In that senior role, Mr. Quartararo serves alongside tristate president Peter Riguardi and COO Stephen Schlegel on a senior executive level for clients that include Madison Square Garden and Deloitte, he said.

“I’m part of a small group that, from a business perspective, oversees all the businesses in New York,” said Mr. Quartararo. “By design, that’s a small amount of my time, because my role in that is to be the one focused on sales and business development and go-to-market strategy-which means I can’t be here thinking about it. I have to be out there doing it. So I’m out selling.”

Despite his newfound responsibilities, however, Mr. Quartararo still keeps a close eye on the project management group he began more than a decade ago. In 2005, in fact, he was tapped by Malkin Properties to serve as a senior project manager at the historic Empire State Building. While his role at the trophy building began with a directive to reposition the asset as a much more attractive alternative for large tenants, it soon evolved into an eco-friendly initiative that, so far, has reduced annual energy consumption by 38 percent while setting a template for other building owners.

“We were already in the process, and there was this $500 million plan, and Tony [Malkin] said, full stop, ‘If we’re going to do this anyway, how about if we do it with this whole new approach around energy savings?'” said Mr.

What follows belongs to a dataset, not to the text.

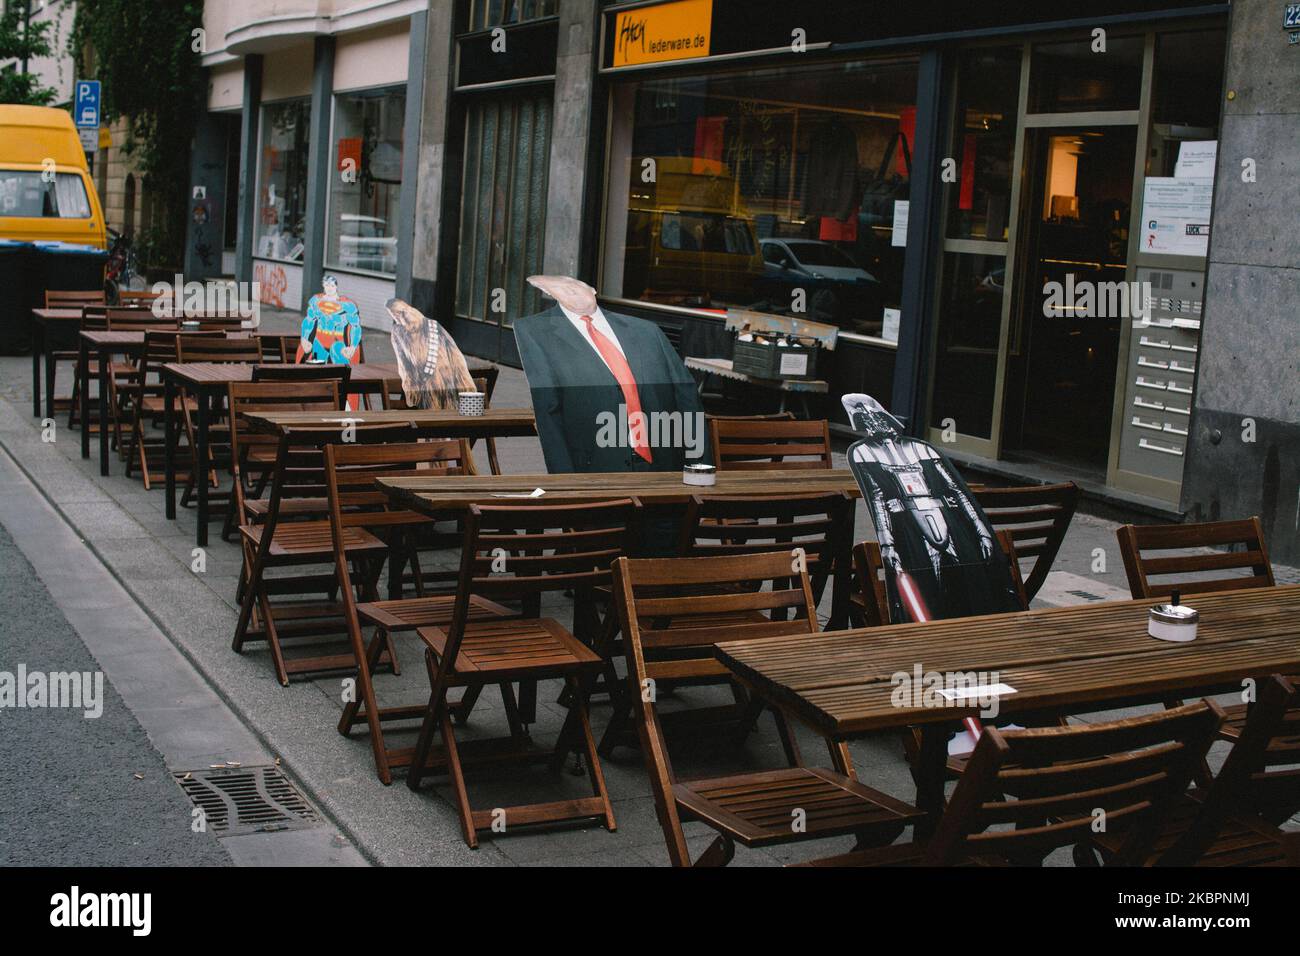 Cardboard cutouts of trump and other film figures sat in between the seats outside of a cafe which helps diners feel social distance, in Leverkusen, Germany, on June 3, 2020. (Photo by Ying Tang/NurPhoto) Stock Photo

Quartararo of the retrofit assignment that began in 2009. “It was really a remarkable approach and one that only someone like Tony could pull off successfully.”

 

MR. QUARTARARO WAS BORN and raised in West Hempstead, Long Island, and went to college in Boston, where he studied engineering and ergonomics at Tufts University. It was as a student that he first stumbled onto a specialty that combined his love for engineering with its impact on human beings.

Among his assignments as a student was a research project on fighter jets and how much information-be it a speedometer or a heads-up display-a pilot could digest all at one time. In a strange way, the research helped Mr. Quartararo see his work in the real estate industry in a totally new light.

“I apply a lot of that to what I do now, but it’s really about how real estate impacts the client,” said the broker, who lives with his wife and two young boys in Rye, Long Island. “Where I’m most valuable is not by helping my clients understand the real estate transaction or a project, but by getting into their heads and understanding what they think the challenges are.”

While he never actually entered the engineering fold, Mr. Quartararo accepted a job as a project manager for Turner Construction. The position, he said, allowed him an opportunity to run projects in New York, including the redevelopment of 1301 Avenue of the Americas, otherwise known as the JC Penney building, the broker said.

An avid fisherman who routinely goes tuna fishing off the Jersey Shore, Mr. Quartarao spends time at the beach with his wife and his 12-year-old and 9-year-old sons when he isn’t preoccupied with his work as an assistant leader for the Boy and Cub Scouts, or with the nonprofit groups he does charity work for, like the March of Dimes. Chief among those groups, he said, is his high position on the board of the Westchester Museum, as well as his role on the Advisory Committee at Hofstra University as it seeks to start a new engineering school.

“I just think we are in a time where it is so important for us to do it, and I want my boys to see that I do it and that others do it,” Mr. Quartararo said. “Our industry is extremely generous, and I think it’s the most generous industry in the world-in the most generous city in the world.”